# What do you think about by booth setup?



## GriffinRidgeFarm (Jun 20, 2014)

What do you think? (Sorry about the bad light in the pic)


----------



## Seawolfe (Jun 20, 2014)

Oh that looks pretty! I like the tent how it looks pretty and billowy, and the table has lots of different levels to attract the eye.  
I think Id want a long piece of colored cloth or something like that kind of swagged over the top front and down the sides to draw the eye and frame the entrance. If you'll still be up in the dark hang a golden lantern from the center and make the whole thing glow from outside!


----------



## Saponista (Jun 20, 2014)

I like the way it looks at first glance, would help to see close ups of each display though in order to comment further.


----------



## maya (Jun 20, 2014)

I might put the table back a little into the tent, not all the way but just so that customers can be shaded in the tent instead of standing in the sun. You might also consider a color coordinated cloth and some other decor for some contrast.


----------



## heartsong (Jun 20, 2014)

Very nice, and not cluttery...you can see everything very well...maybe near the top corners you could get a couple small, colorful wind-spinner thingies...you know, nylon wind sock things that move in the breeze.


----------



## navigator9 (Jun 21, 2014)

You have some really nice display pieces! I'd want to come and take a look. If you're asking for suggestions, I'd go for a pop of color....you've got a lot of white there. When you're trying to sell at a market/fair, you want to stand out, not blend in. Walk around the market and see which vendors booths stand out to you. Figure out why, then go from there. Hope you sell out!


----------



## pamielynn (Jun 21, 2014)

Nice BIG tent! It looks really good.


----------



## Susie (Jun 21, 2014)

Love that table set up.  I think some color would be a good thing.  Maybe a colored sign with white writing.  Just something.  

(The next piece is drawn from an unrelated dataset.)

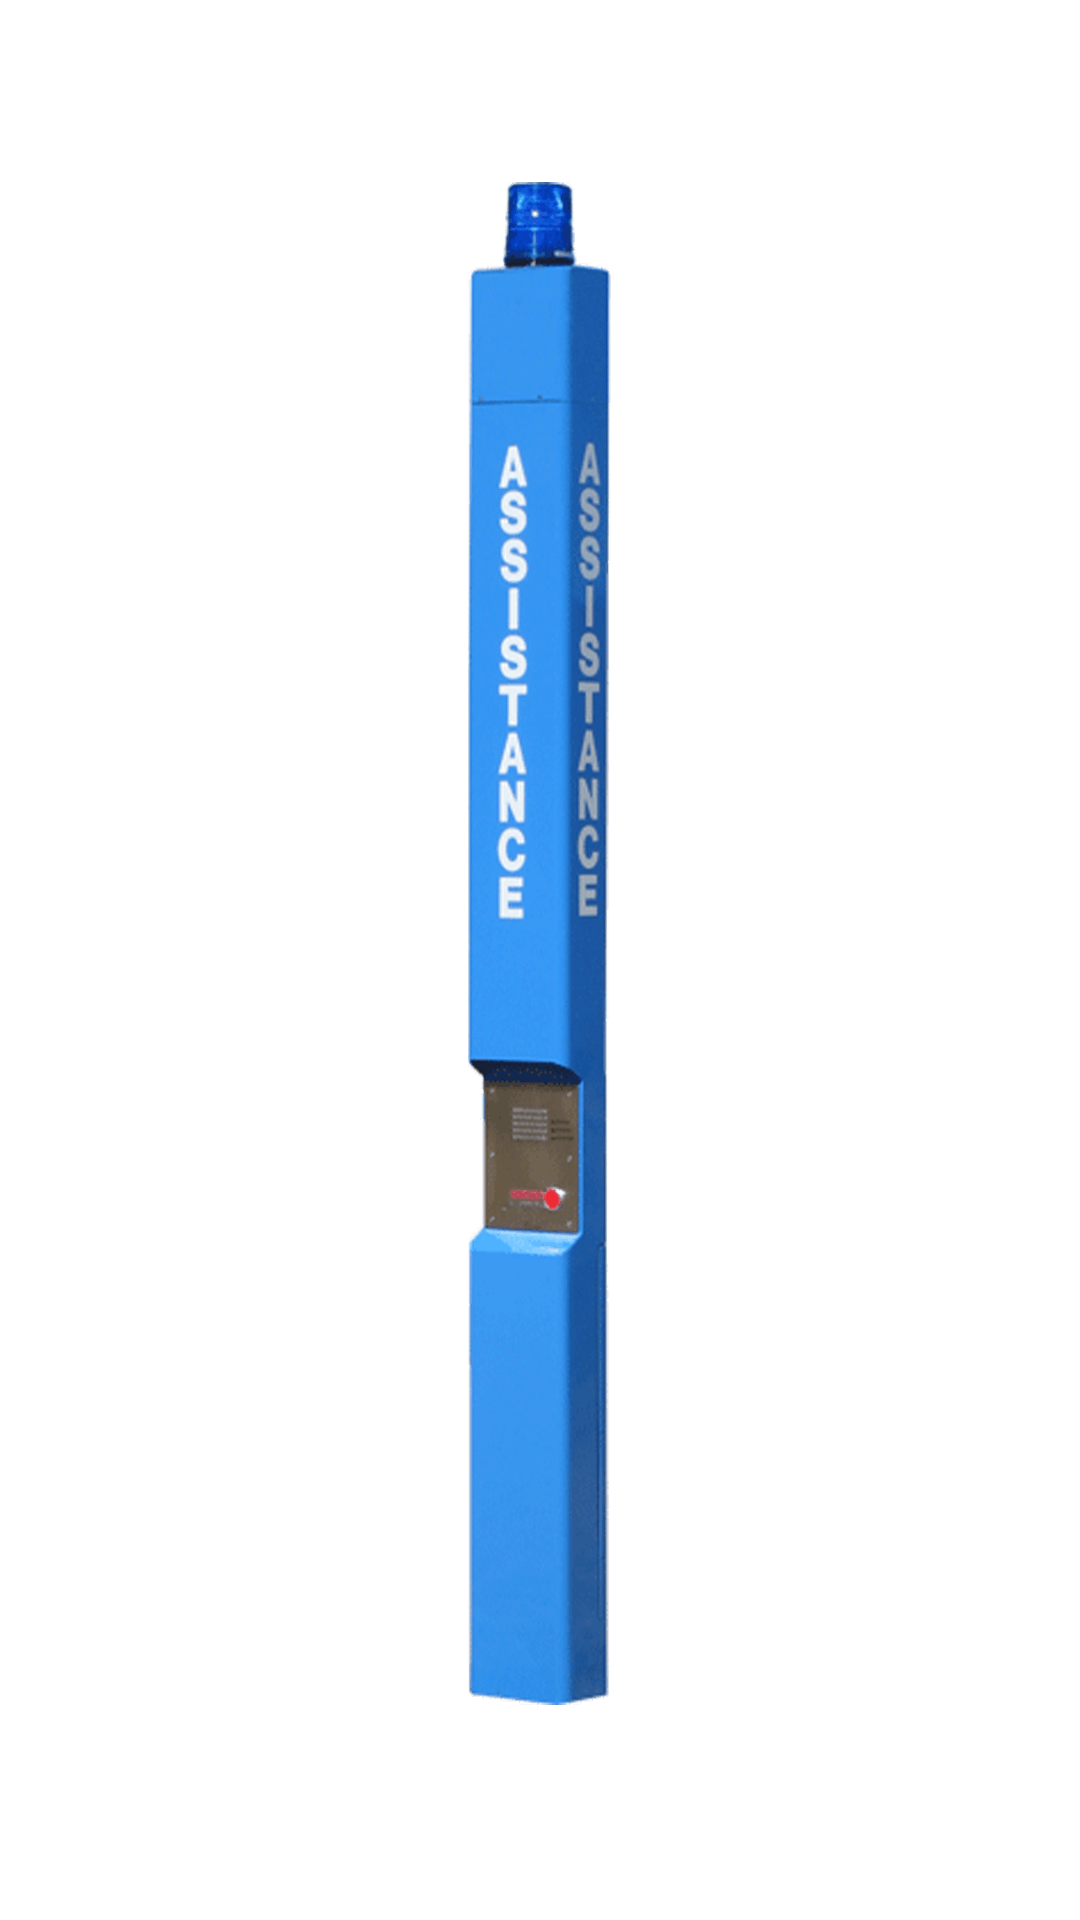 ECO Tower - Aluminum Blue Light Call Station Tower with Support for an Antenna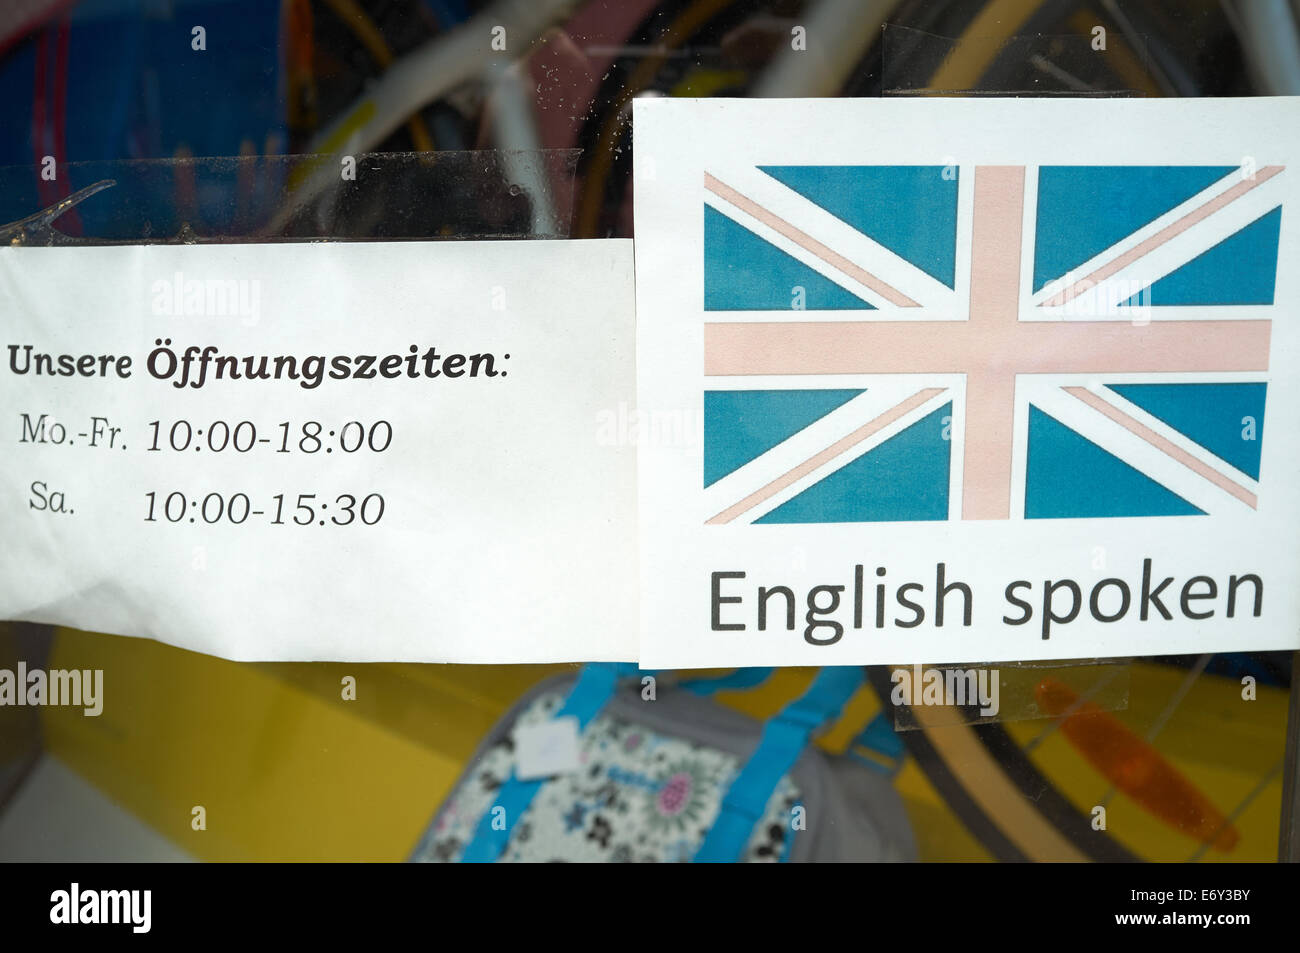 English spoken sign in the window of a German cycle shop Stock Photo

I love that tent.  Looks lovely and cool for summer.  I might get some kind of chairs with backs though, if those are stools I see on the side there.  Your back will thank you.


----------



## Relle (Jun 21, 2014)

Love your display and I agree with Maya - just a bit further back. Some coloured bunting on the roof would look nice as an added touch.


----------



## hlee (Jun 21, 2014)

I love it!


----------



## jules92207 (Jun 21, 2014)

I would come check you out! I like it.


----------



## Spice (Jun 22, 2014)

do you have weights? If there was a gust of wind would you think it blow? Other then that I like.


----------



## GriffinRidgeFarm (Jun 23, 2014)

Thanks everybody! You all have some great suggestions. I do have weights, there are concrete blocks on the feet of the tent


----------